SOURCE DATA:

+++++

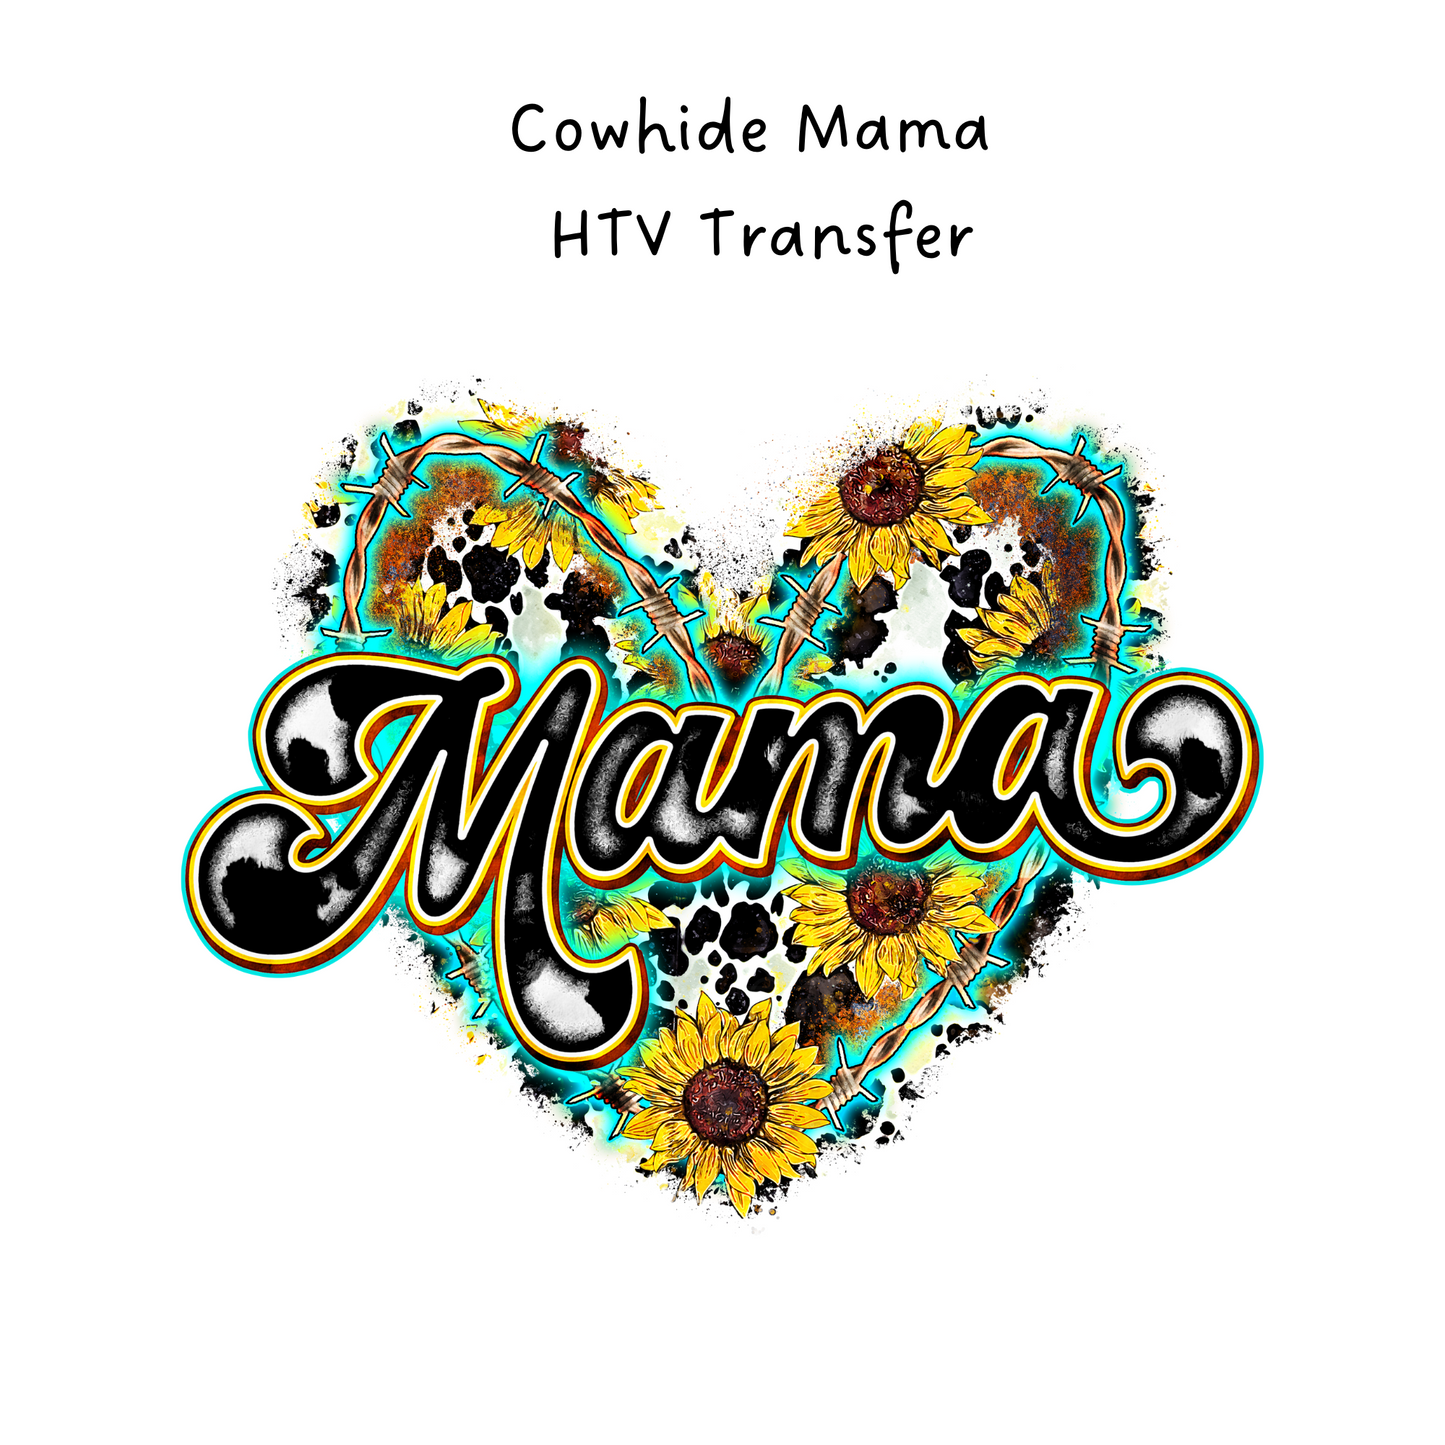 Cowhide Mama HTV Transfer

+++++

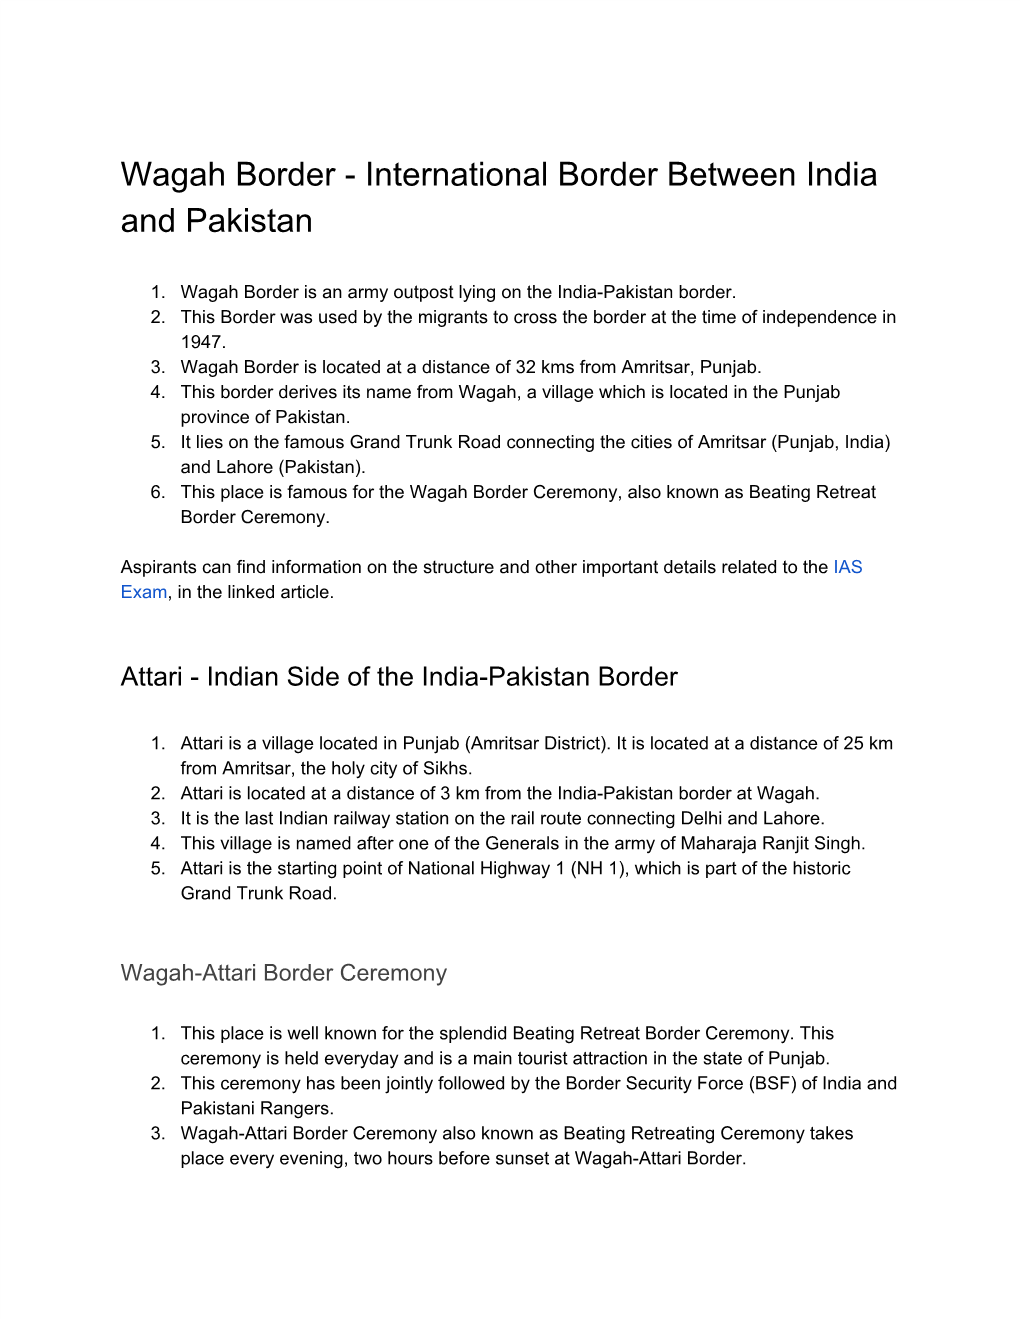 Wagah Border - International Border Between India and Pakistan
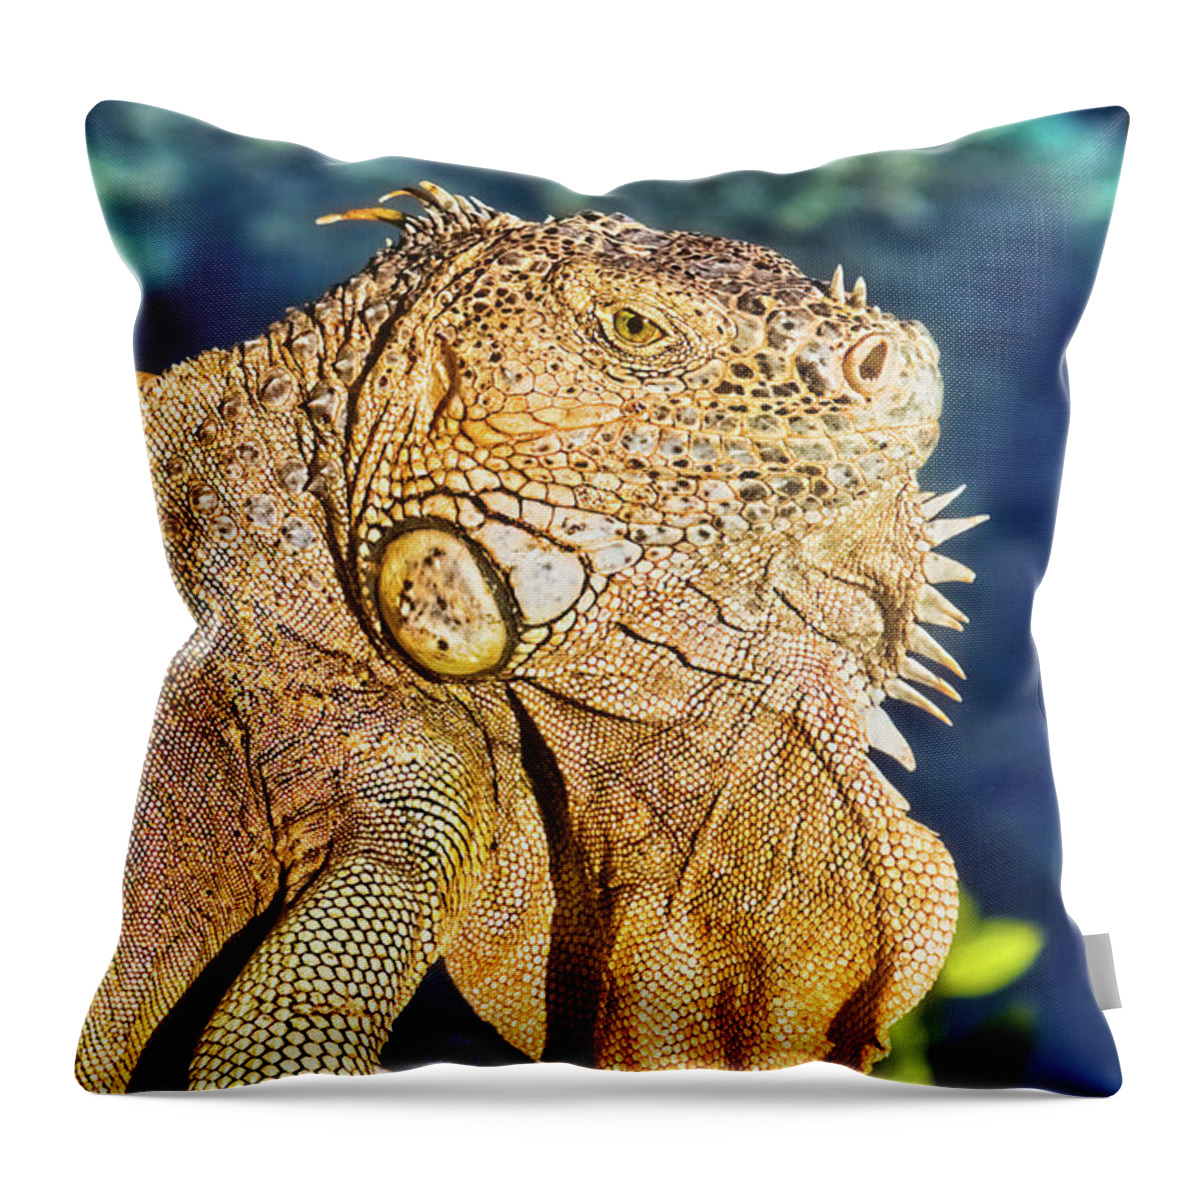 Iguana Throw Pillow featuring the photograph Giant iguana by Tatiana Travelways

+++++

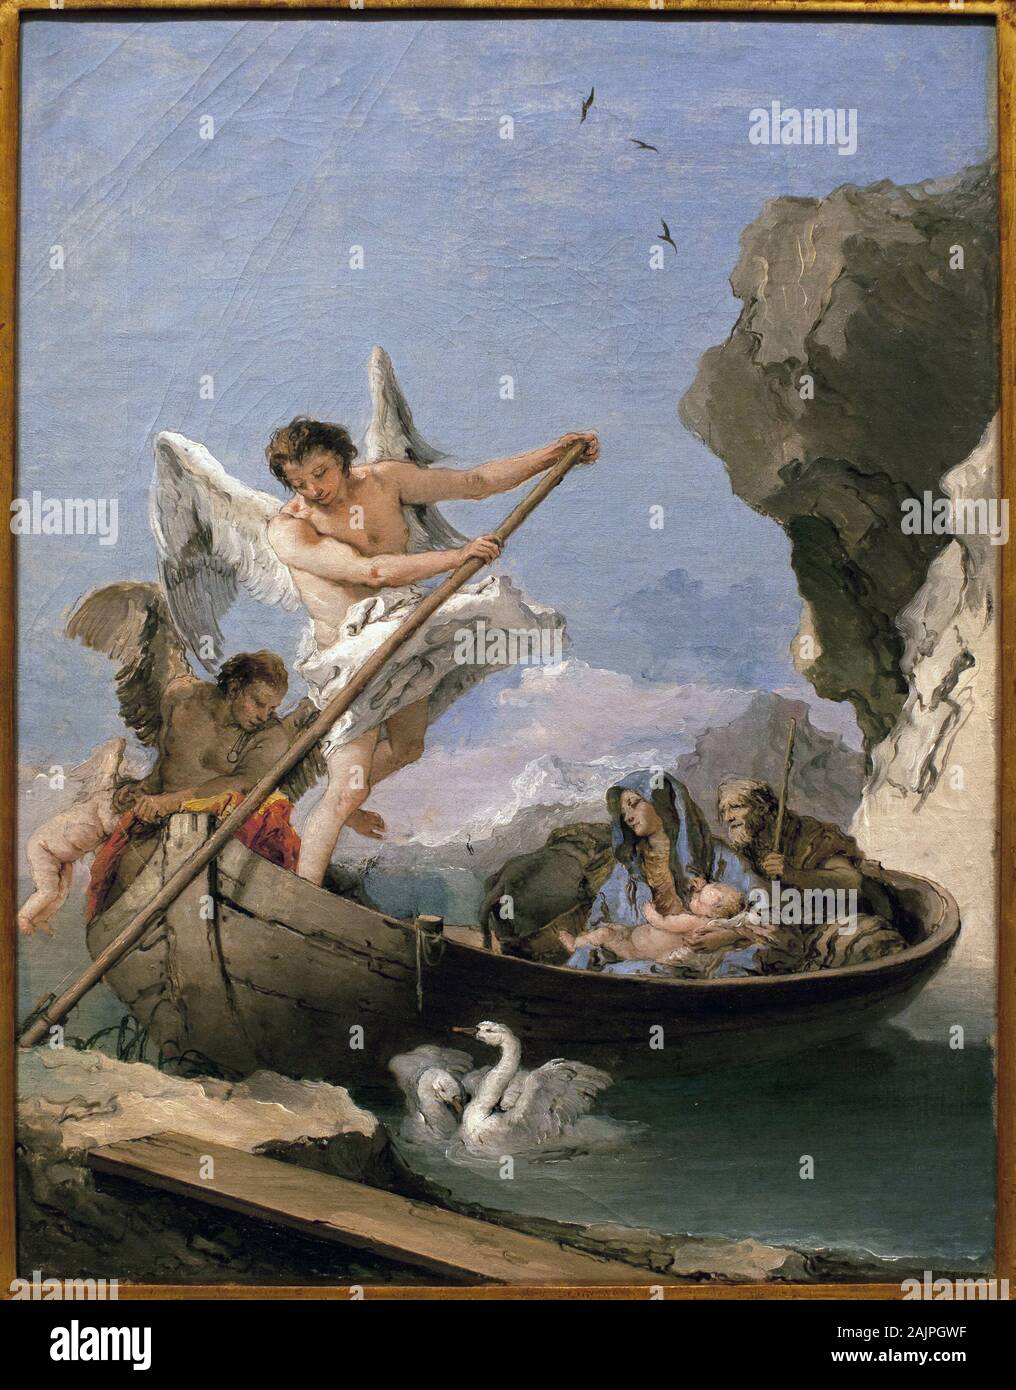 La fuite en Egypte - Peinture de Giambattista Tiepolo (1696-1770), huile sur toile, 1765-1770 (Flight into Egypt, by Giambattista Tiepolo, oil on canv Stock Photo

+++++

THE TASK:
With the pictures omitted, restate word for word the lines above from the line that has "Wagah Border - International" up to and including the line that has "Iguana Throw Pillow", and no other lines.

TASK SOLUTION:
 Wagah Border - International Border Between India and Pakistan
 Iguana Throw Pillow featuring the photograph Giant iguana by Tatiana Travelways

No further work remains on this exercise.